Q1 is settled by authors with further modifications. Q2 is well resolved. Q3 : The problem stated is acknowledged by the authors. Whether a verifier has access to a subset of clean training data can be vital in the assumption. What if only out-of-distribution data is available and training data is unavailable? This part may require further evaluation and systematic study. Q4 is settled. Further modifications should be made by authors. Q5 is settled by authors with further modifications.
I would raise the score accordingly.
Dear Reviewer 3ggA,
Thank you for your thoughtful follow-up and for raising the important question Q3 regarding scenarios where only out-of-distribution (OOD) data is available for verification while the original training data is entirely inaccessible.
To further evaluate the robustness of Lie Detector under such constrained settings, we conducted additional experiments that reflect realistic deployment environments such as federated learning and black-box training pipelines, where clean training data may not be accessible to the verifier.
We examine three challenging OOD verification scenarios:
-
ResNet-18 trained on CIFAR-10, with the verifier using a diffusion-generated CIFAR-10 set (10 percent synthetic samples per class, 5000 samples in total) to serve as the OOD data.
We generate the Diffused CIFAR-10 as follows: To simulate clean data not overlapping with training samples, we trained a class-conditional diffusion model (based on DDPM [1]) using the CIFAR-10 training set for 400,000 steps with a UNet backbone and cosine noise schedule. After convergence, we generated 5,000 synthetic images, evenly distributed across classes.

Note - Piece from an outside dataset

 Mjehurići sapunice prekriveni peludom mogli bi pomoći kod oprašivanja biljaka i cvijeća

These images are visually consistent with CIFAR-10 but distributionally distinct, providing a practical surrogate for OOD verification.
-
CLIP trained on ImageNet and verified using ImageNet-A [2] as the OOD data.
-
LLaVA verified using Flickr8k captions, differing from the training set Flickr30k.

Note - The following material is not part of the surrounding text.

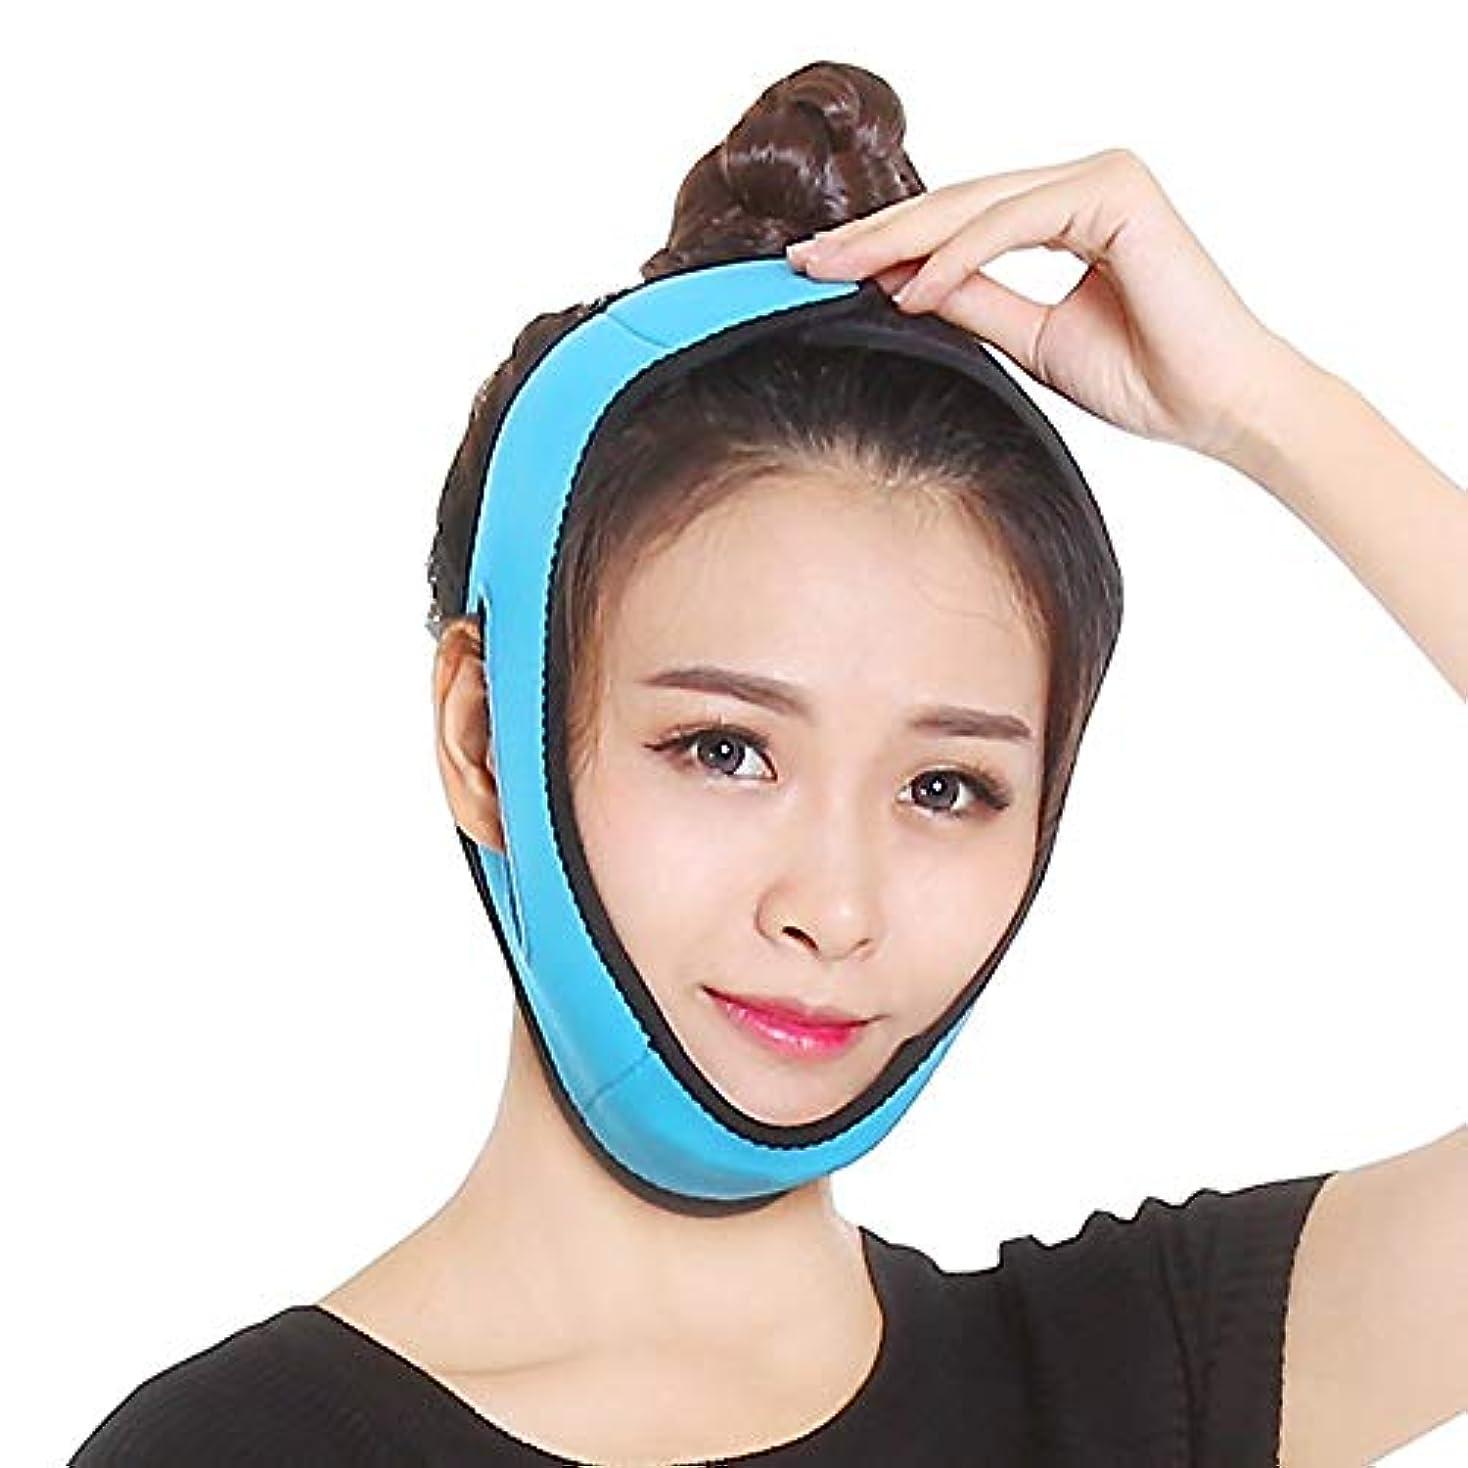 しっかりよりきちんとしたMinmin フェイシャルリフティングスリミングベルト - 薄いフェイス包帯二重あごデバイス無料フェイシャルマッサージ整形マスクを引き締める顔と首の顔スリム みんみんVラインフェイスマスク

To assess the impact of distribution shift, we report two metrics:
- K, which measures the distributional difference between the verifier data and training data using Fréchet inception distance (FID) score [3,4]. Higher values indicate greater distribution shift. In practice, FID values above 20–30 are commonly considered to reflect noticeable distribution differences.
- P, which evaluates how strongly the OOD data activates the model’s internal features, measured using cosine similarity (range from -1 to 1) [5,6]. Lower values indicate greater distribution shift. A drop below 0.9 typically suggests a semantic or structural mismatch between verifier data and training data.
All results are averaged over 10 clean and 10 backdoored models as the model pool per setting.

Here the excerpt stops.